The sale was initially kept secret from the staff and the general public, and did not become publicly known until July 21. AT&T's press release announcing the sale stated that although operation of WEAF and the WEAF chain had been financially successful, the company had concluded that "while the technical principle was similar to that of the telephone system, the objective of the broadcasting station was quite different from that of a telephone system. Consequently, it has seemed to us after years of experimentation, that the broadcasting station which we have built up might be more suitably operated by other interests." WCAP in Washington, which had been sharing time on the same frequency as RCA's station WRC, was now considered redundant, and ceased operating as of August 1. This allowed WRC to begin broadcasting fulltime on the frequency.

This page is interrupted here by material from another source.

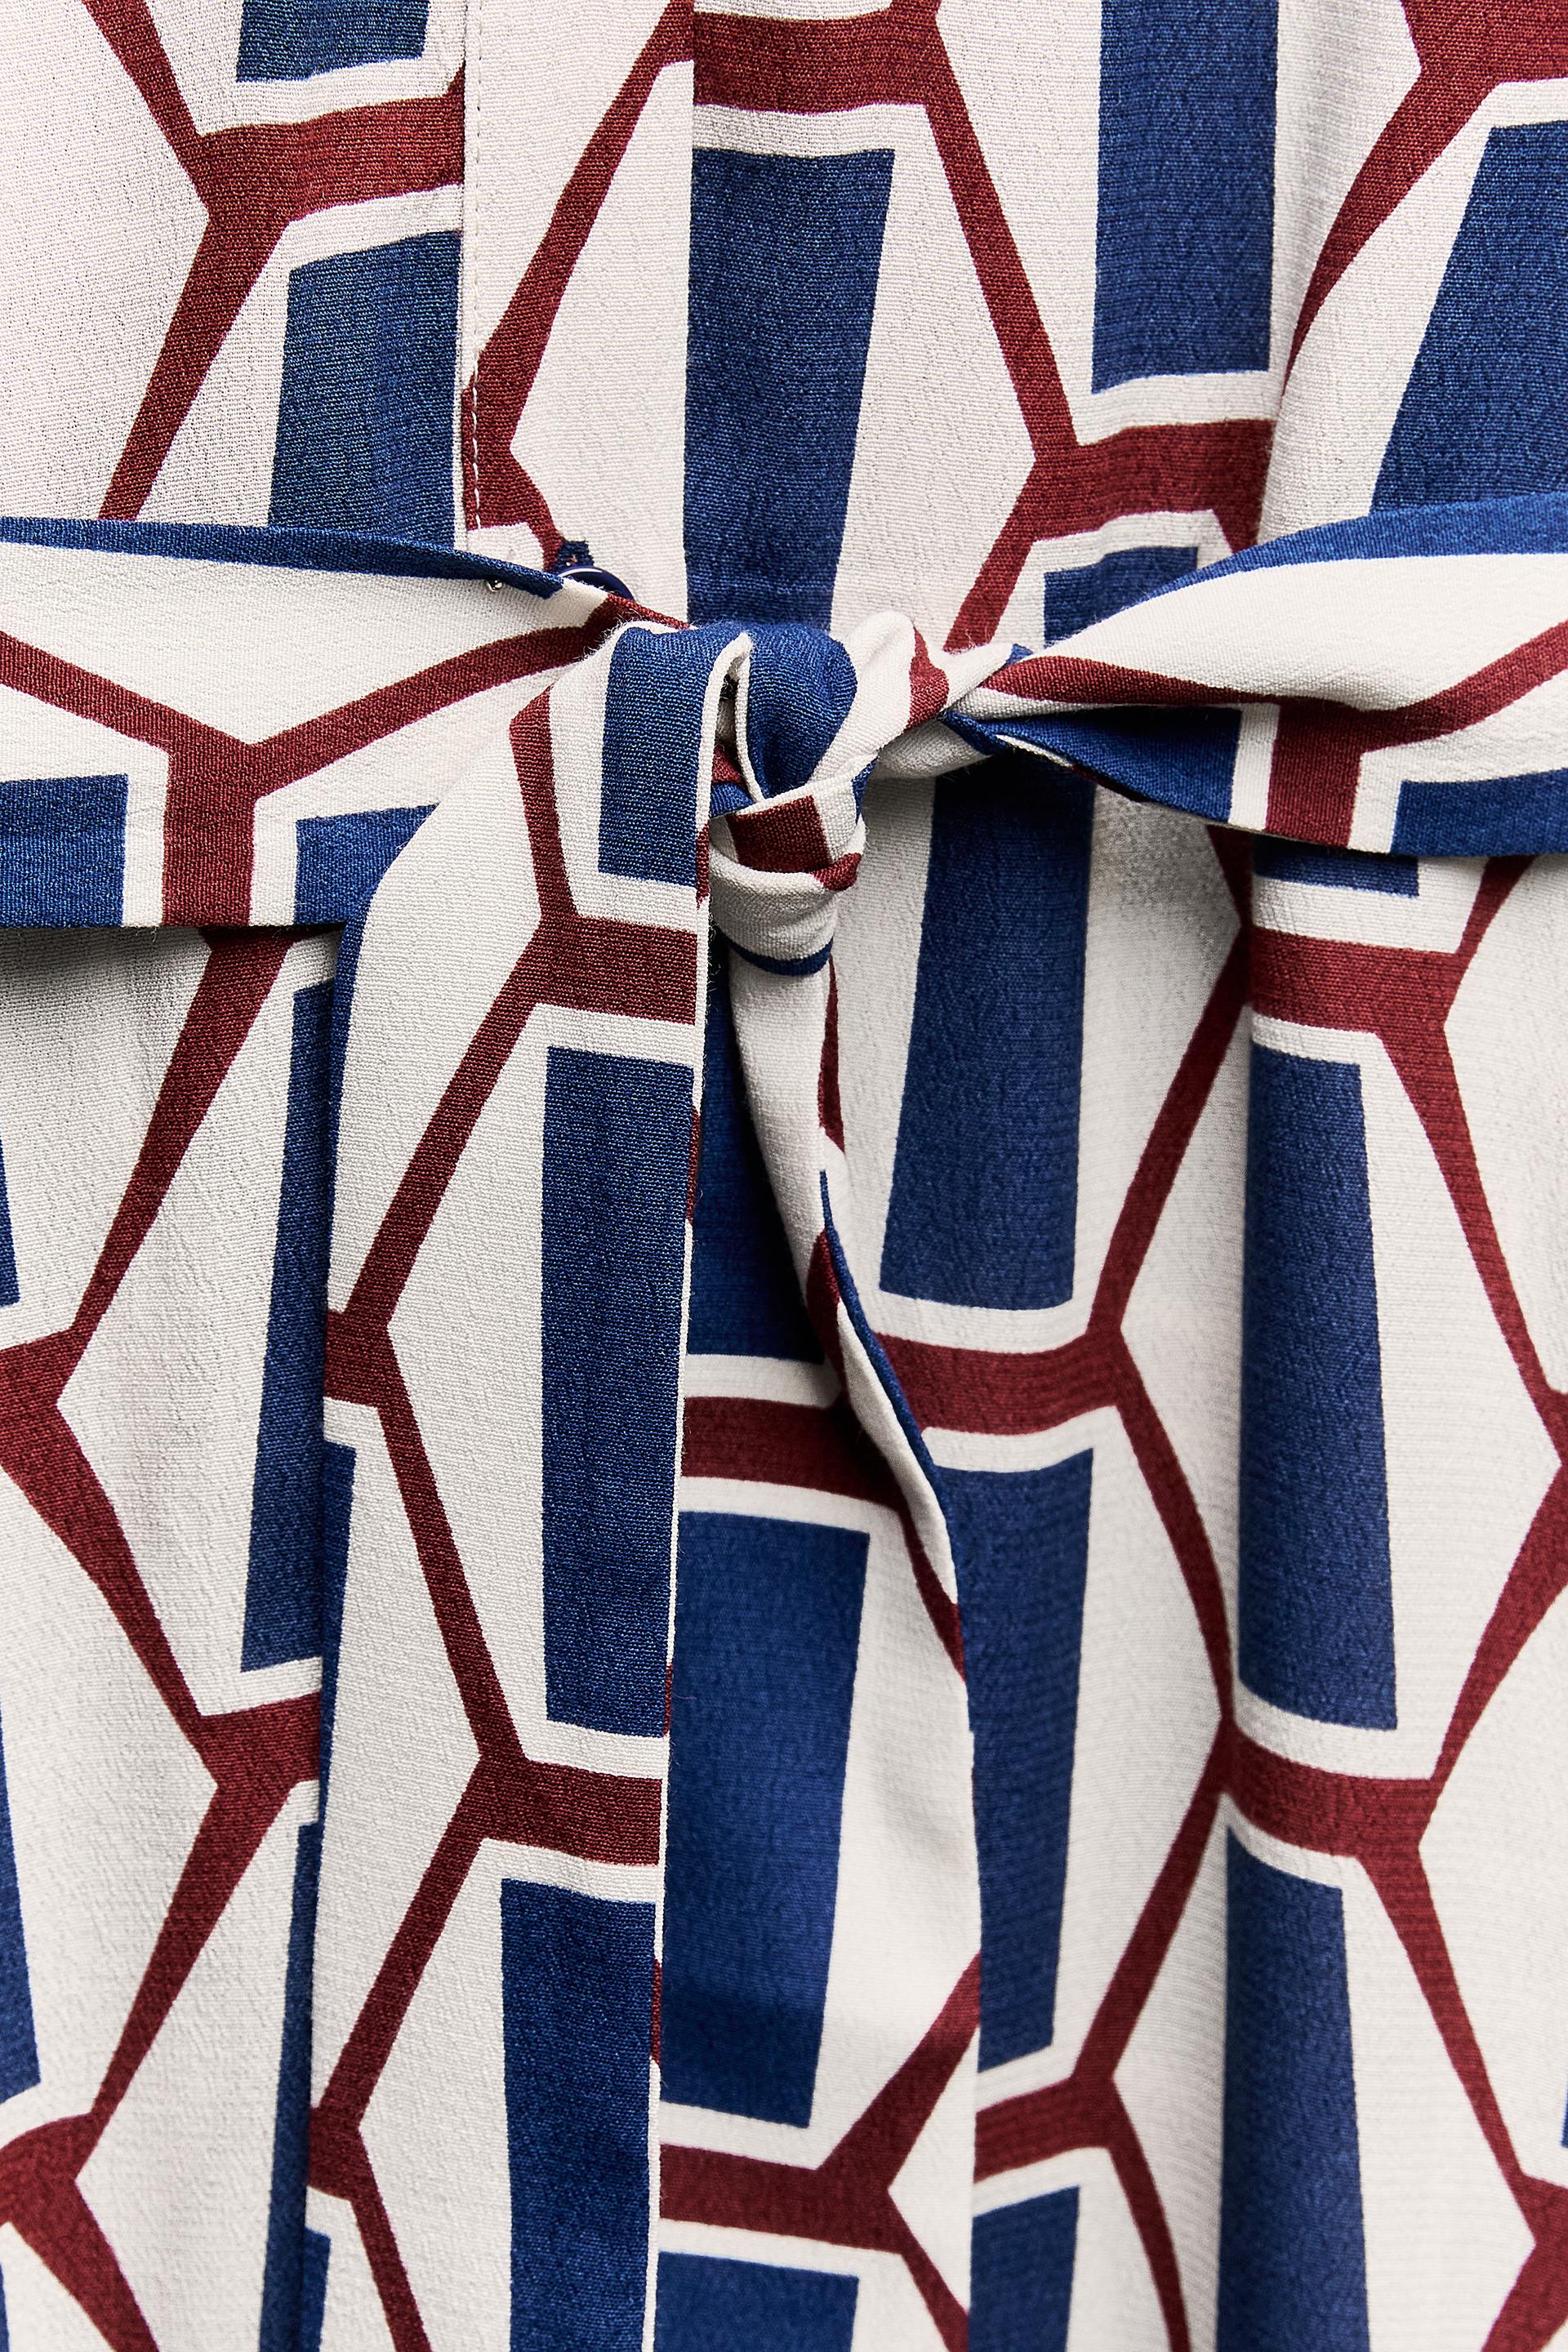 New Zara geometric print shirt.  Clothes design, Printed shirts, Outfits

On September 13, 1926, RCA's chairman of the board Owen D. Young and president James G. Harbord announced the formation of the National Broadcasting Company, Inc., to begin operations upon RCA's acquisition of WEAF on November 15. WEAF would go on to be the "key station" for the NBC radio "Red Network", which sometimes would still be referred to as the WEAF chain. The leased lines that figured so importantly in the acquisition of BCA would form the backbone for both NBC Red and its sister NBC Blue for the next fifteen years.